- Born: Allen James Reimer 10 August 1942 Morris, Manitoba, Canada
- Died: 28 August 2010 (aged 68) Waterloo, Ontario, Canada
- Spouse: Margaret Loewen Reimer ​ ​(m. 1968)​

Academic background
- Alma mater: Canadian Mennonite Bible College; University of Manitoba; University of Toronto;
- Thesis: Theological Method and Political Ethics (1983)
- Doctoral advisor: Gregory Baum
- Influences: George Grant

Academic work
- Discipline: Theology; religious studies;
- Sub-discipline: Political theology; systematic theology;
- School or tradition: Anabaptism
- Institutions: Conrad Grebel University College
- Main interests: 20th-century German Protestant thought; Mennonite theology;

= A. James Reimer =

Canadian Mennonite theologian

Allen James Reimer (August 10, 1942 – August 28, 2010) was a Canadian Mennonite theologian who held a dual academic appointment as Professor of Religious Studies and Christian Theology at Conrad Grebel University College, a member college of the University of Waterloo, and at the Toronto School of Theology, a consortium of divinity schools federated with the University of Toronto. At the University of Waterloo's fall 2008 convocation, he was named Distinguished Professor Emeritus, an honor seldom bestowed on retired faculty.

==Early life and education==
Born on 10 August 1942 in Morris, Manitoba, Reimer was raised in Altona. As a teen, he was baptized in the local Mennonite church. He held undergraduate degrees from Canadian Mennonite Bible College (1963; now Canadian Mennonite University) and the University of Manitoba (1971); he also spent a year studying at Union Theological Seminary in New York City (1971–72) before moving to the University of Toronto, where he earned an MA in history (1974) and a PhD in theology (1983), the latter degree conferred by the University of St. Michael's College, a federated university of the University of Toronto. His doctoral dissertation, directed by Gregory Baum, was a comparative and contrasting study of the political ramifications of theology in the respective thinking of Emanuel Hirsch and Paul Tillich.

==Theology==
Reimer's own theology was not typically Mennonite (vis-à-vis John Howard Yoder), in that his point of departure was not the Sermon on the Mount but the classical imagination of trinitarian orthodoxy. Though he was deeply concerned with Christian social ethics, he insisted that ethics must have a ground external to itself. The triune God, for Reimer, constituted such ground. Whereas Mennonites have been historically critical of the dominant culture, Reimer's later work sought to develop a positive understanding of culture, law, public life and civil institutions.

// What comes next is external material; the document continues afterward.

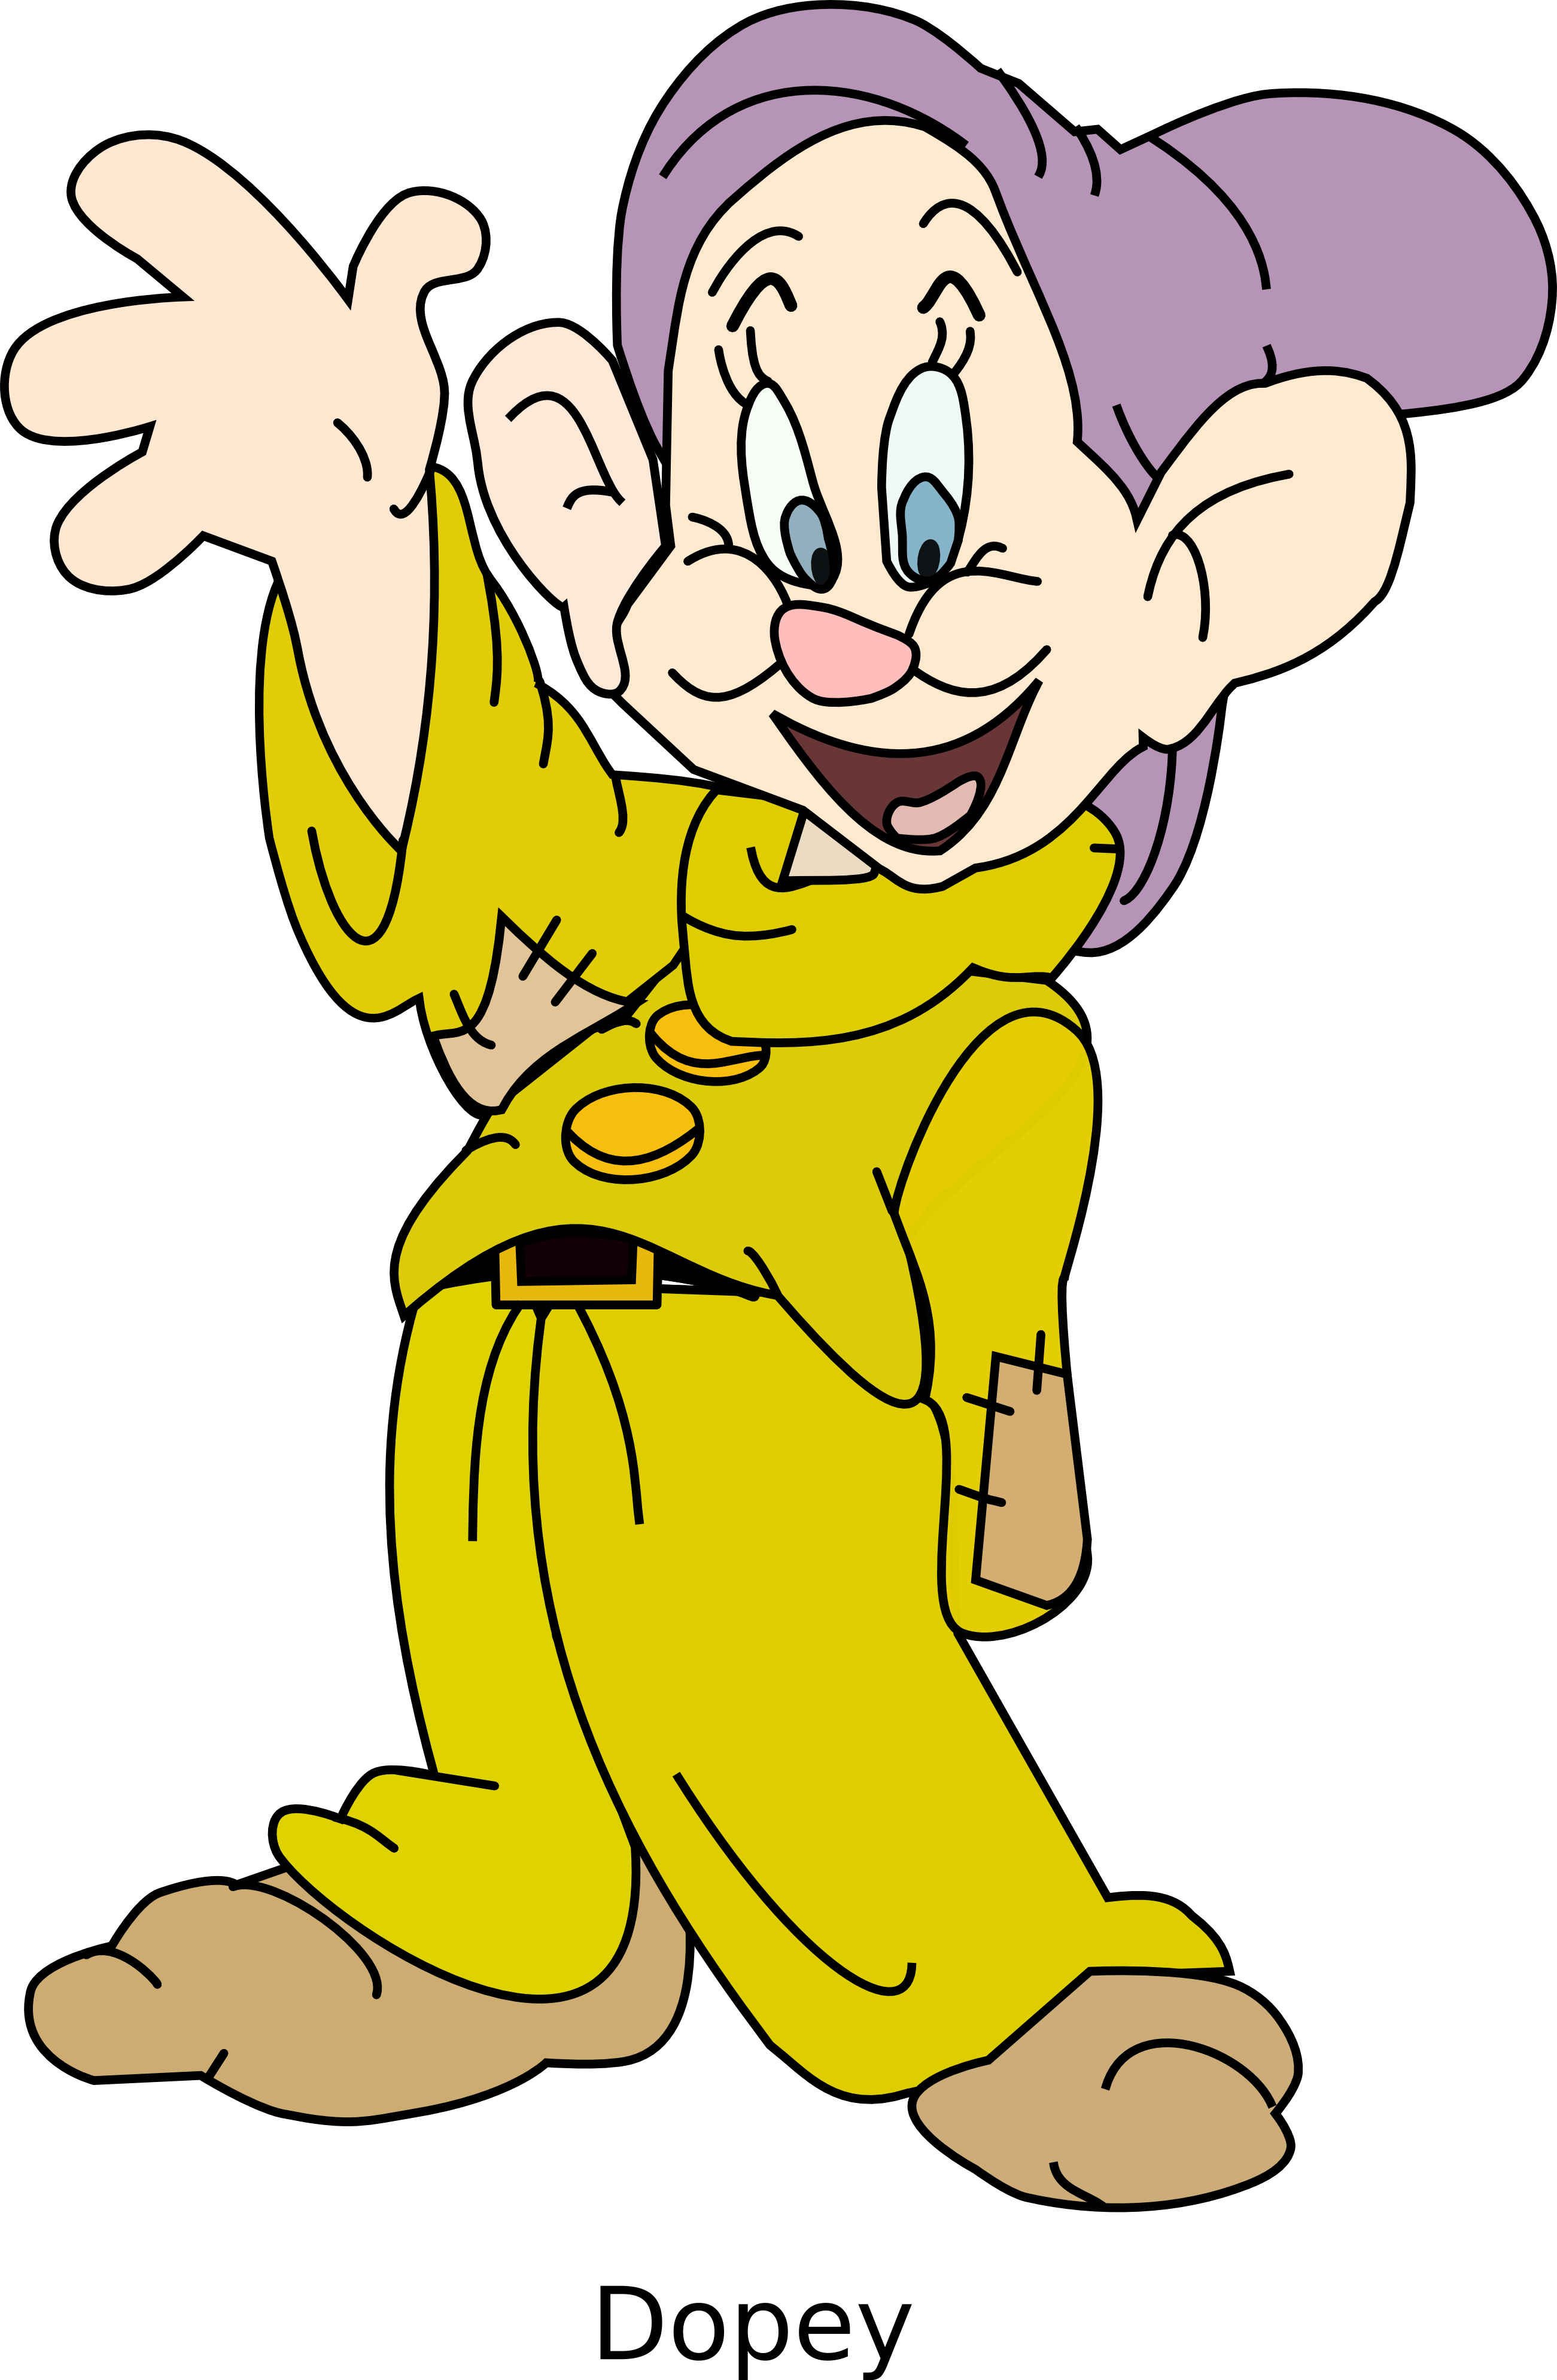 Original Size At 2602 × 3977 - Dopey, Transparent background PNG HD thumbnail

While writing his doctoral dissertation, Reimer became deeply troubled and conflicted about the theology of Emanuel Hirsch, a German Christian nationalist and Nazi sympathizer. Fearing that he was being swayed by Hirsch's arguments, Reimer sought to offset Hirsch's influence by aligning himself more concretely with left of centre politics. He joined the New Democratic Party and was an active party member for several years before finally resigning his membership over certain of the party's socio-ethical positions, particularly a woman's right to choose. Today, Reimer's overall political vision remains left of centre. Though he is a pacifist, he has argued that God's activity in the world cannot be reduced to any one ethical ideology; otherwise transcendence becomes domesticated.

Reimer was quite productive as an academic. He published numerous articles in various journals; select articles have been compiled to form the content of two of his books: Mennonites and Classical Theology, and Paul Tillich: Theologian of Nature, Culture and Politics. His very first book was a revision of his doctoral dissertation, titled The Emanuel Hirsch and Paul Tillich Debate: A Study in the Political Ramifications of Theology. He also coedited a compendium of essays on the Frankfurt School of critical theory. His areas of expertise included Anabaptist-Mennonite theology, Christian ethics of war and peace, and nineteenth- and twentieth-century German Protestant thought (including the theology of Dietrich Bonhoeffer, Paul Tillich, and the German church struggle during the Nazi regime). Over the years Reimer directed several theses and dissertations on these and other related topics.

A. James Reimer was an active churchman who accepted many preaching and teaching assignments in the Mennonite Church for over forty-five years, and was actively engaged in ecumenical and inter-faith encounters. In 2007, a Festschrift was published in honor of Reimer.

On 28 August 2010, Reimer died at his Waterloo home. He is survived by his wife Margaret Loewen Reimer, an academic with a PhD in English, and a former editor of the Canadian Mennonite, and their three children.